Написано тёмно, кучей; чтобы вникнуть в смысл, необходимо посидеть, подумать.
Когда?
И много ли толку в размышлениях?
Я наразмышлял уже несколько романов, и ни единого отклика. Словно терпящий кораблекрушение, единственный, оставшийся в живых на борту мореплаватель швыряю бутылки с записками в бушующий океан без всякой надежды быть спасенным или услышанным. Так, вероятно, случается с каждым из нас: порой остаться наедине с собой худшая пытка, какую способен выдумать космос.
В один из таких моментов взял книгу с полки.
Тогда и родилось недоумение – о чем может размышлять римский император, тем более «наедине с собой»? Отчего императору не спится, что ищет он в мудрости греческих старцев? Зачем, на ночь глядя, читает Зенона, Хрисиппа, Эпиктета? Или Диогена Синопского[2]{1}, который из любви к людям не считал зазорным прилюдно помочиться на площади или там же облегчить желудок?

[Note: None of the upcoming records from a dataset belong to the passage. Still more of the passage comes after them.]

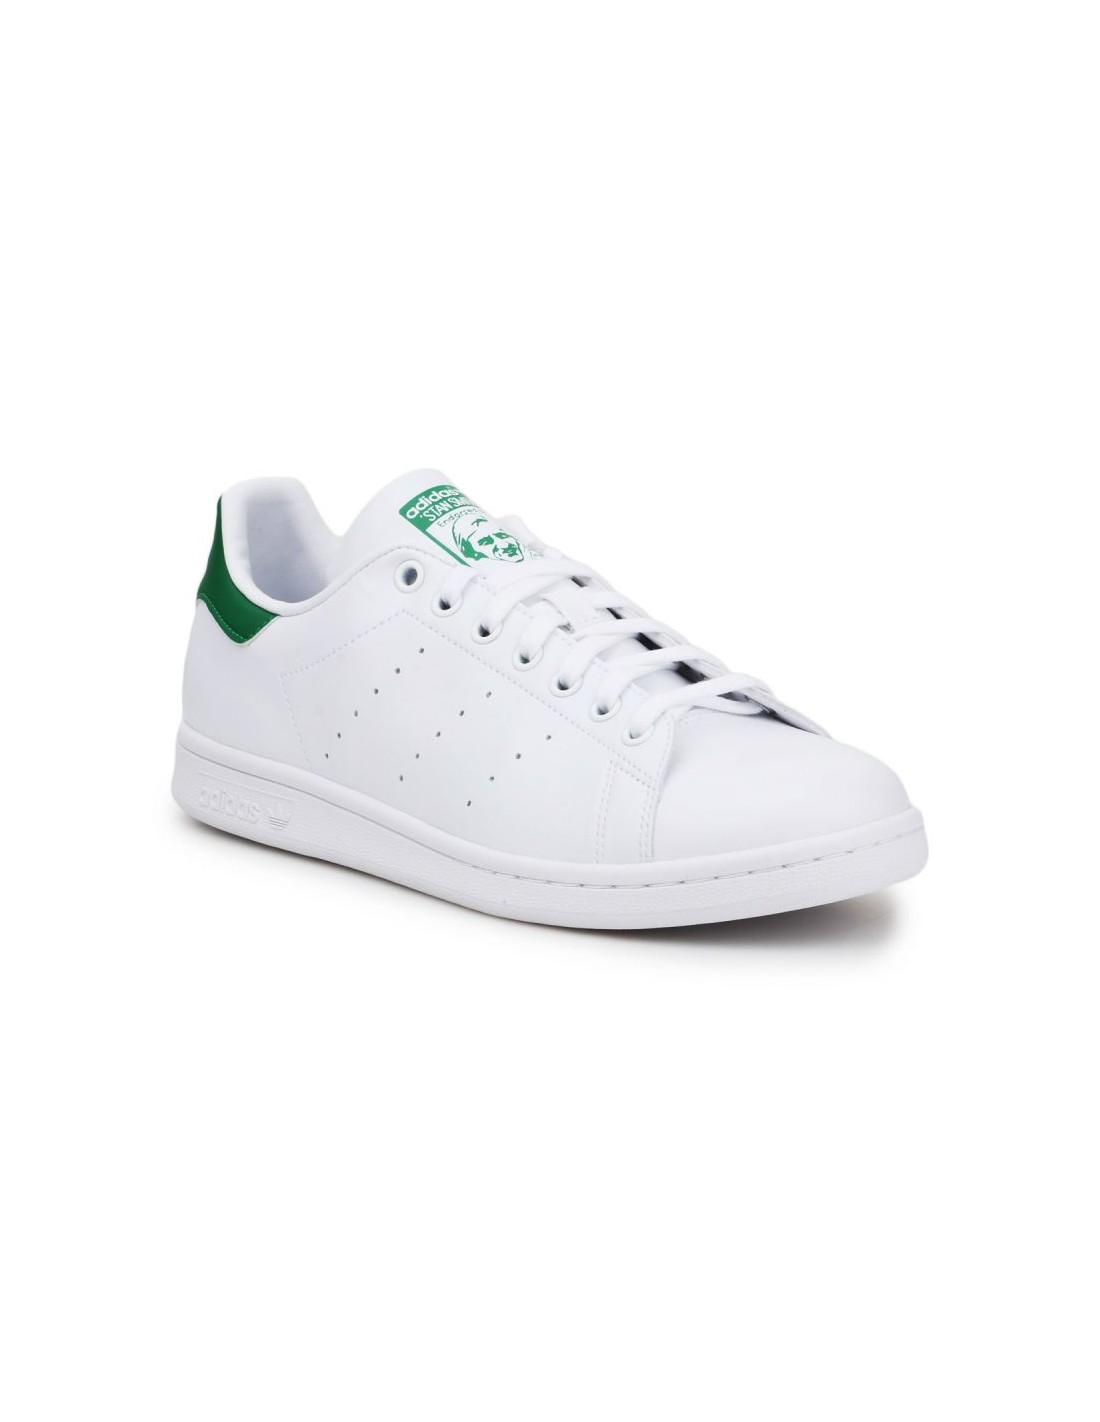 Adidas Stan Smith M FX5502 shoes
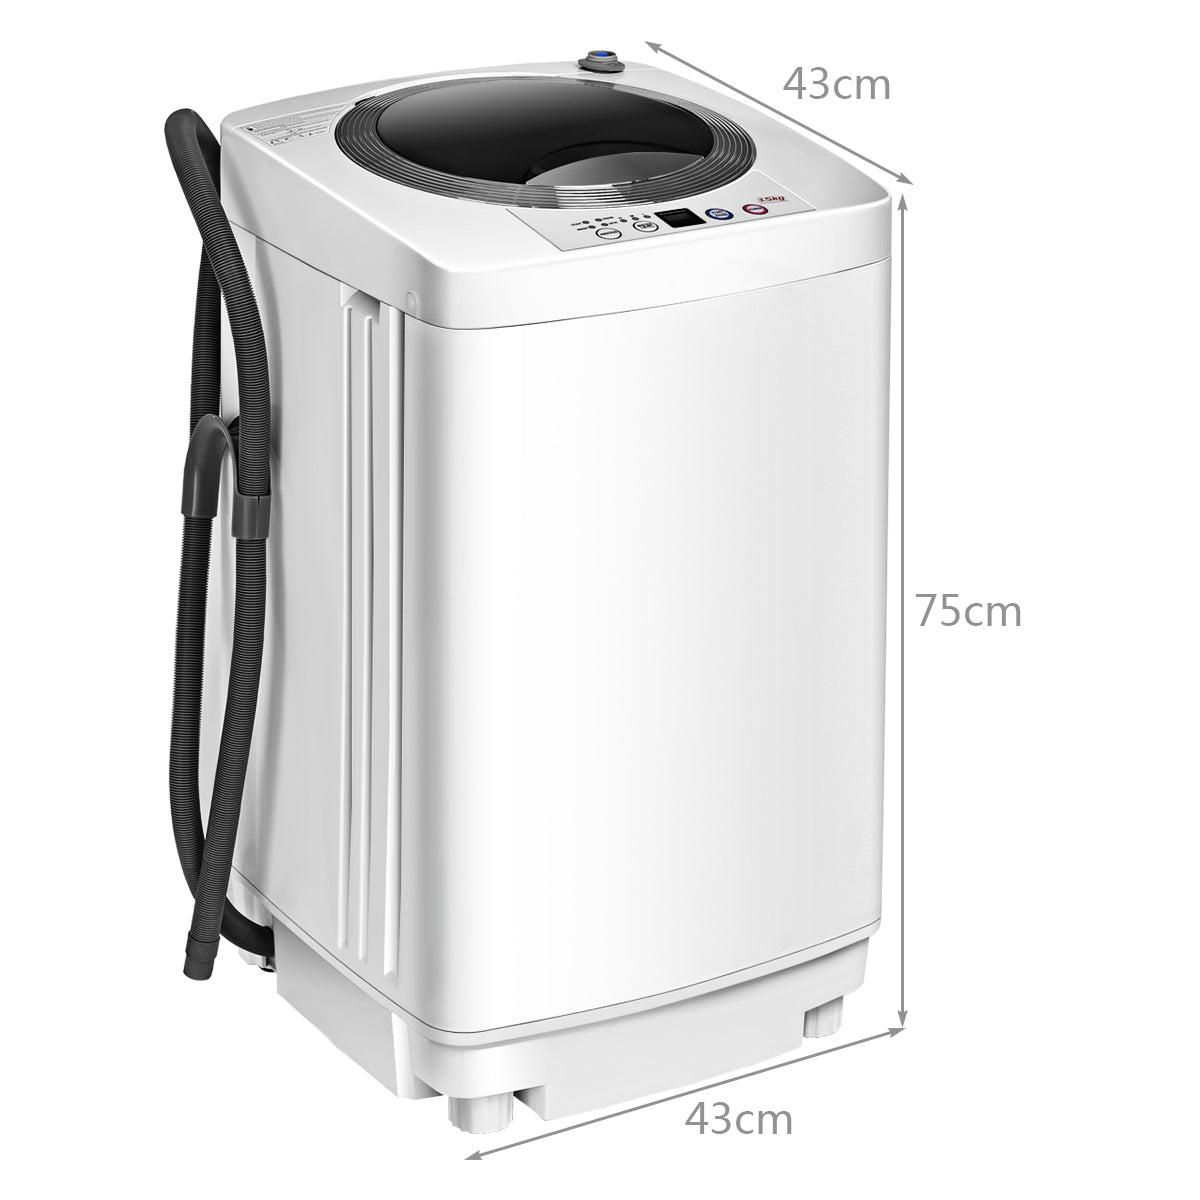 Portable 8 lbs Load Capacity Compact Full-Automatic Laundry
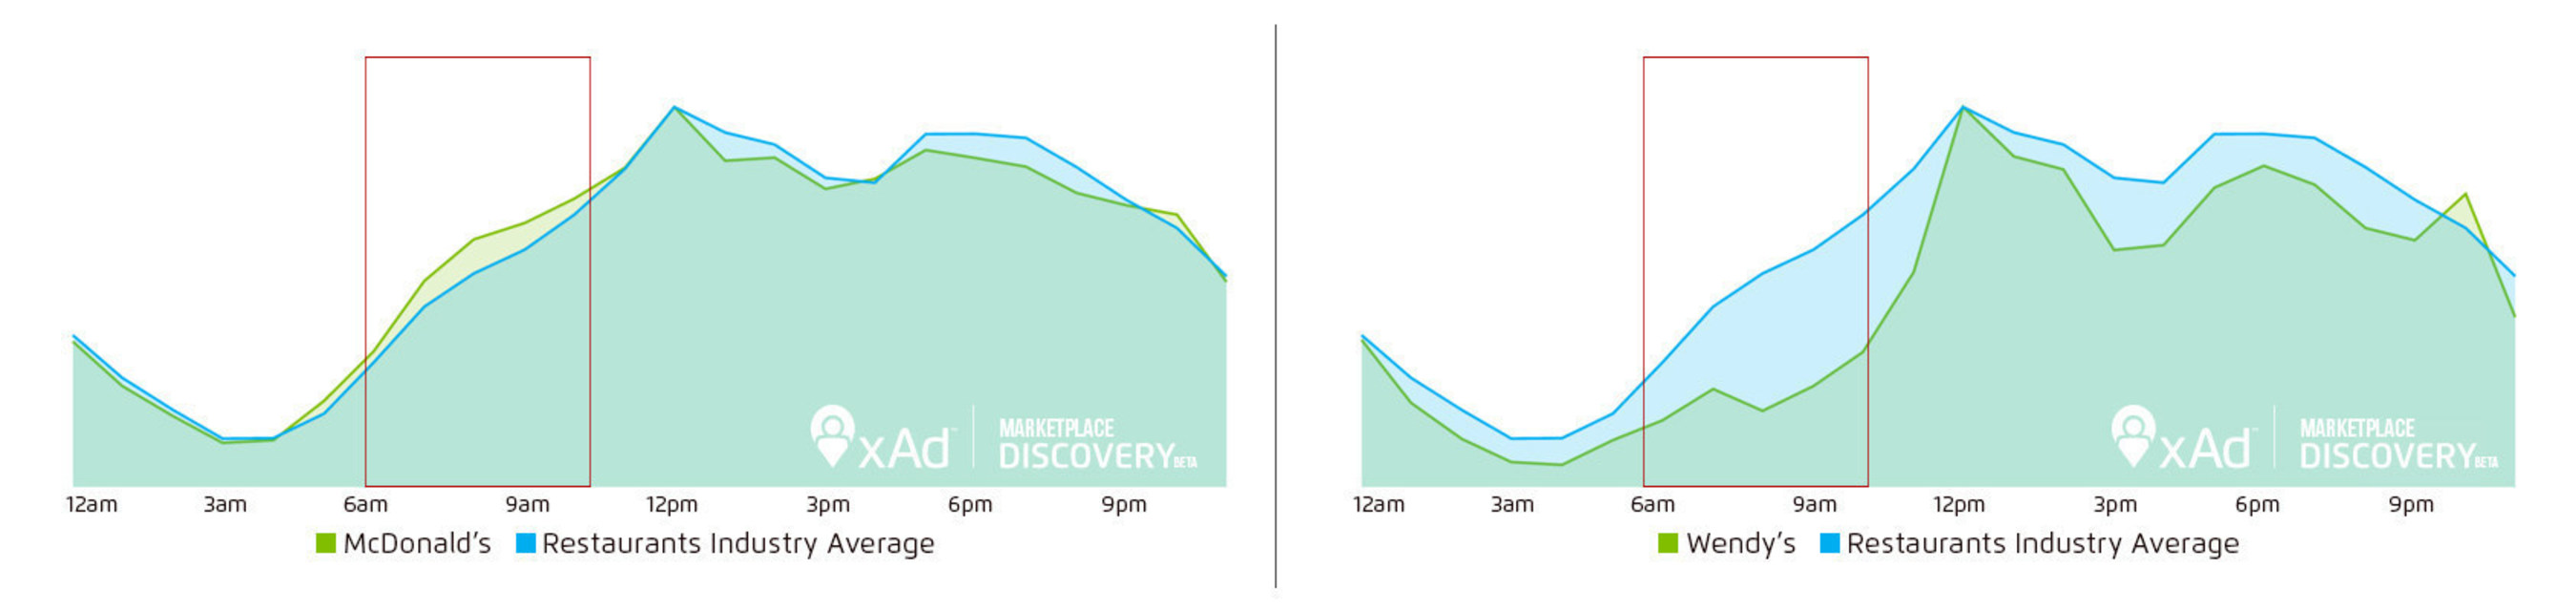 McDonald's vs. Wendy's Foot Traffic by Time-of-Day, Average for June -- Source: xAd MarketPlace Discovery

Что привлекало Марка в нравоучениях Сократа и Сенеки? И насколько прав такой разумный и образованный человек, как Эрнест Ренан, когда спустя почти две тысячи лет после смерти Марка с нескрываемой горечью написал следующие строки: «Все мы, сколько нас ни есть, все мы носим в сердце траур по Марку, как если бы он умер только вчера. С ним властвовала философия. Благодаря ему мир хотя бы минуту находился под управлением лучшего и величайшего человека своего времени. Важно, что этот опыт был сделан. Повторится ли он еще раз? Будет ли новейшая философия властвовать в свой черед, как властвовала философия античная? Будет ли у нее свой Марк Аврелий?»
Я усомнился – не слишком ли? Теперь, окончив роман, беру на себя смелость утверждать – это еще слабо сказано! Ренан много не договорил, но и того, что теперь известно об этом удивительном человеке, вполне достаточно, чтобы воспламенить наши сердца.
Хотелось бы добавить, что предлагаемую книгу вряд ли можно назвать жизнеописанием в точном смысле слова – это скорее сколок времени, попытка познакомить читателя не только с «философом на троне», но и с окружавшими его людьми, чьи судьбы протянулись далее 17 марта 180 года – дня, когда скончался Марк Аврелий.
Часть I. Труды и дни
Истинный закон – это правильный разум, согласный с природой, обнимающий всю вселенную, неизменный, вечный… Мы не можем ни противостоять этому закону, ни изменить его. Мы не в силах его уничтожить. Никаким законотворчеством мы не можем освободиться от обязательств, налагаемым им на нас, и нам не нужно искать других его толкователей кроме самих себя…
Тот, кто не подчиняется ему, отрицает самого себя и свою природу.
ЦицеронЕсли есть тебе дело до самого себя…
Марк АврелийМудрым мы назовем человека, сознающего пределы своей силы, разума и страстей.
АвторГлава 1
«Так что же – сел, поплыл, приехал, вылезай?..»
Разом осветились полотняные стены, слева от входа вдруг очертилось пропитанное дробным светом ярко-золотистое, с примесью багрянца, пятно.
Марк оторвал взгляд от пергамента, некоторое время с оцепенелым недоумением разглядывал неожиданный источник света, затем словно проснулся и повернул голову в сторону раздвинутого полога императорского шатра.
Наступило утро, за Данувием[3] взошло солнце. Стоял июль, была жара. Духота досаждала даже по ночам, и только близость реки и дубовые рощи, среди которых был разбит военный лагерь, сбивали зной, навевали прохладу.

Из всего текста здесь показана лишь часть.